In the study presented, we developed an American Sign Language (ASL) recognition system leveraging the capabilities of the YOLOv6 approach, a cutting-edge object detection model. Rather than relying on previously established datasets, we curated our own custom dataset for ASL, ensuring an updated and possibly more comprehensive set of sign language data. The performance metrics are quite impressive: for static images, the system achieved a mean average precision (mAP) of 96%. This essentially means that in 96 out of 100 cases, the model correctly identified and recognized the ASL signs presented in the photographs. Despite the high accuracy, there was an average loss value of 0.81, suggesting that there is potential for the model’s predictions to be refined further. When it comes to real-time video analysis, the model demonstrated a capability to process at a rate of 28.9 frames per second, making it a viable tool for applications that demand instant ASL sign interpretation. A comparative analysis was also conducted, wherein the YOLO approach was compared against the LSTM network. The findings favored YOLO, especially for the recognition of static signs, which are hand gestures that maintain a steady posture rather than those involving dynamic movements. To further enhance the model’s accuracy and predictive capabilities, we recommend augmenting the dataset with more images. Additionally, a dedicated table, referred to as Table 3, is provided. This table offers a granular breakdown of the results for each class or type of sign in the dataset, detailing the accuracy and quantifying the true and false predictions.

4.3. Examples of Test Images

The comparison of the performance results for training in terms of precision, recall, the F1 score, and mAP is given in Table 4 and Figure 18.

5. Summary and Discussion

This part provides an in-depth discussion of the study’s findings, including how these findings and the accompanying literature review relate to the study’s stated goals, hypotheses, and pertinent secondary issues.

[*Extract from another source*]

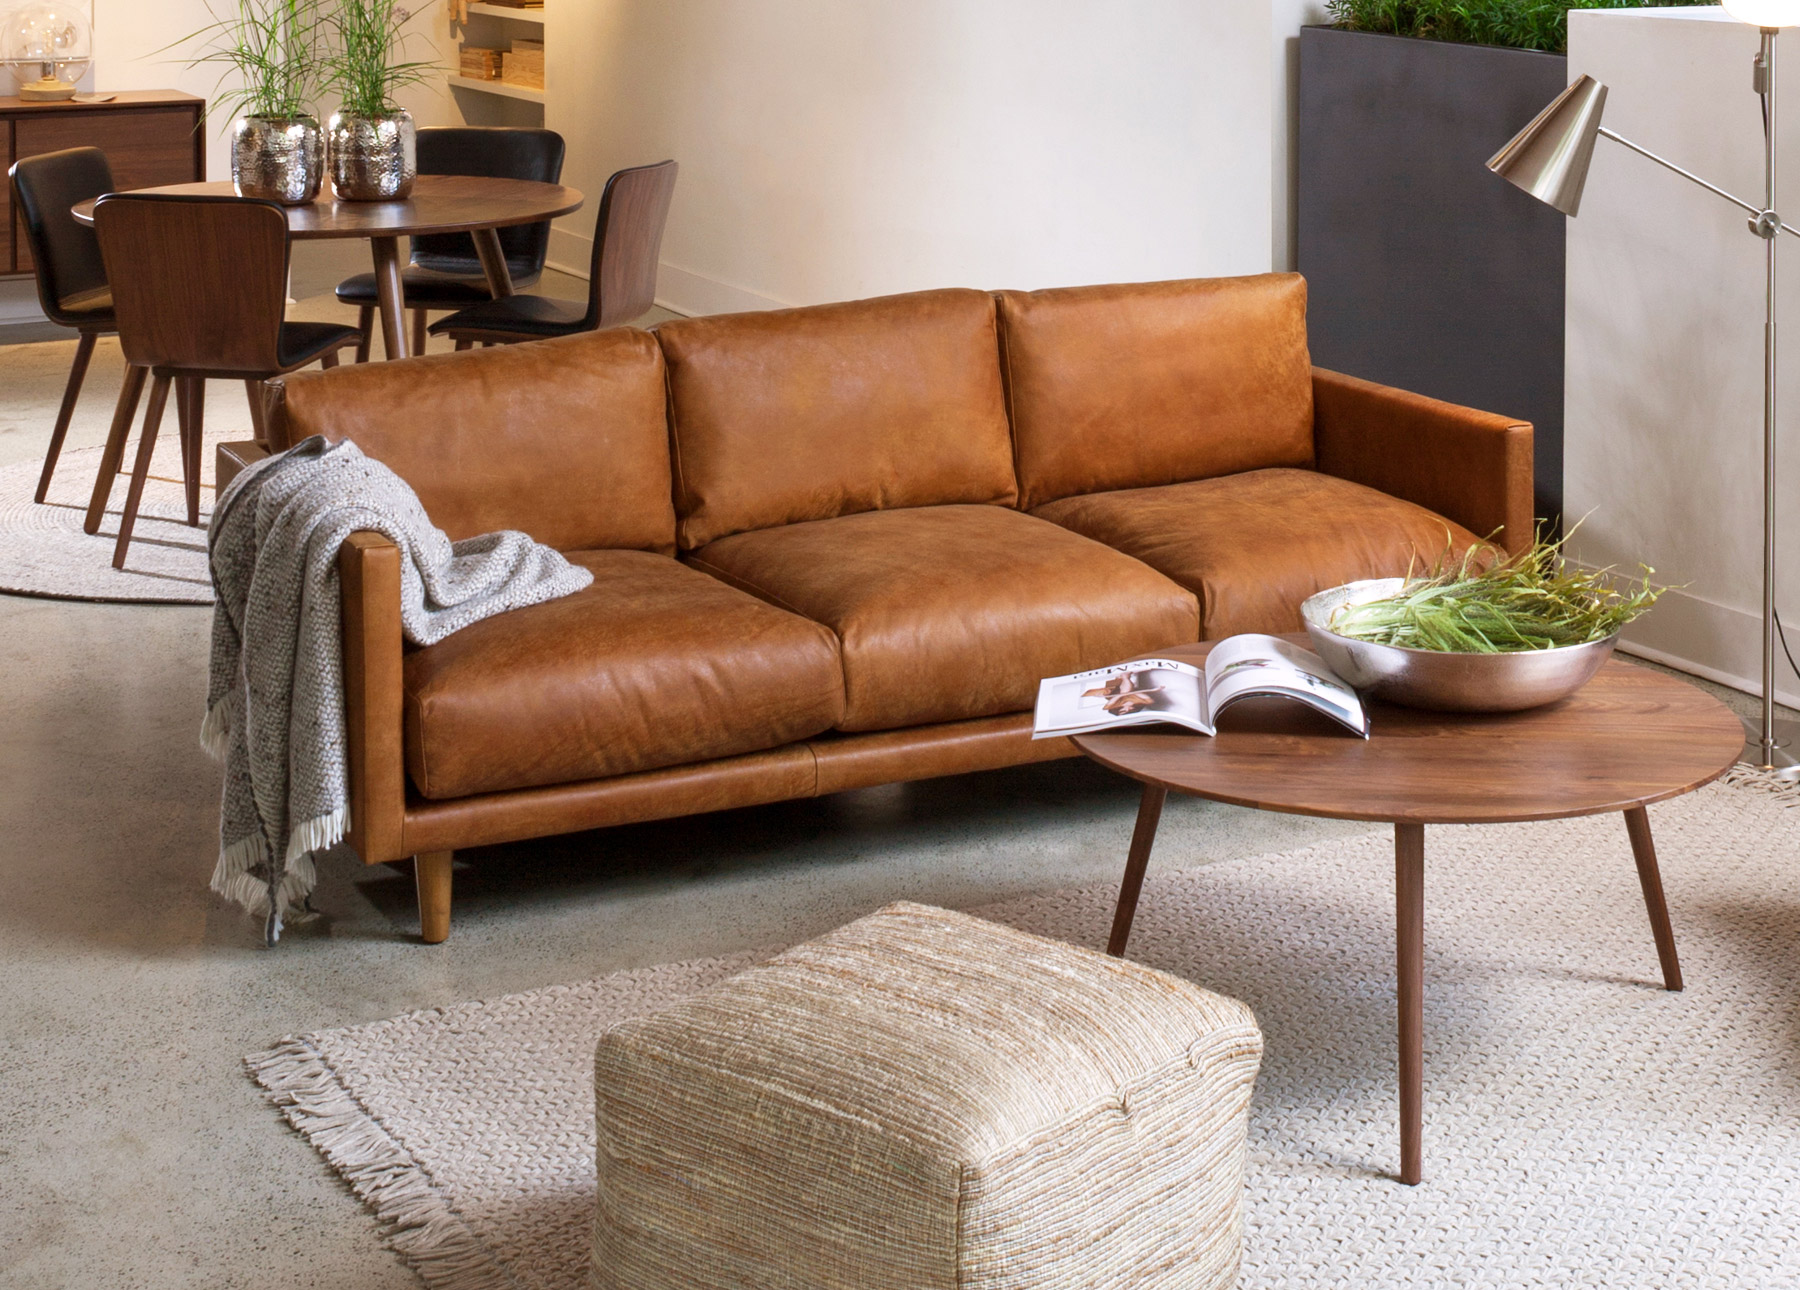 Nirvana Dakota Tan Sofa With An Amoeba Wild Walnut Coffee Table

The goal of this research was to determine whether deep learning and computer vision models could help those who are unable to speak but can understand sign language and communicate with the rest of society. The study’s objective was to generate a hybrid model from two deep learning models for ASL interpretation and prediction: long short-term memory with skeleton and YOLO [24]. The questions above required both a critical analysis of the current literature on deep learning and a hybrid experiment [22]. In this hybrid experiment, we collected multiple datasets, used them to train two deep learning models (YOLO and LSTM), and then tested their performance in predicting ASL, and both of them showed specific features in specific applications. The YOLO model’s accuracy improved with more training iterations, and this effect was seen in both settings. The model was better able to learn from the training set and make reliable predictions after being given more training cycles. The obtained results show that the YOLO model’s accuracy improves with more time spent in training, as measured by the number of iterations and images. On the other hand, given the constraints of the number of iterations, LSTM performed better.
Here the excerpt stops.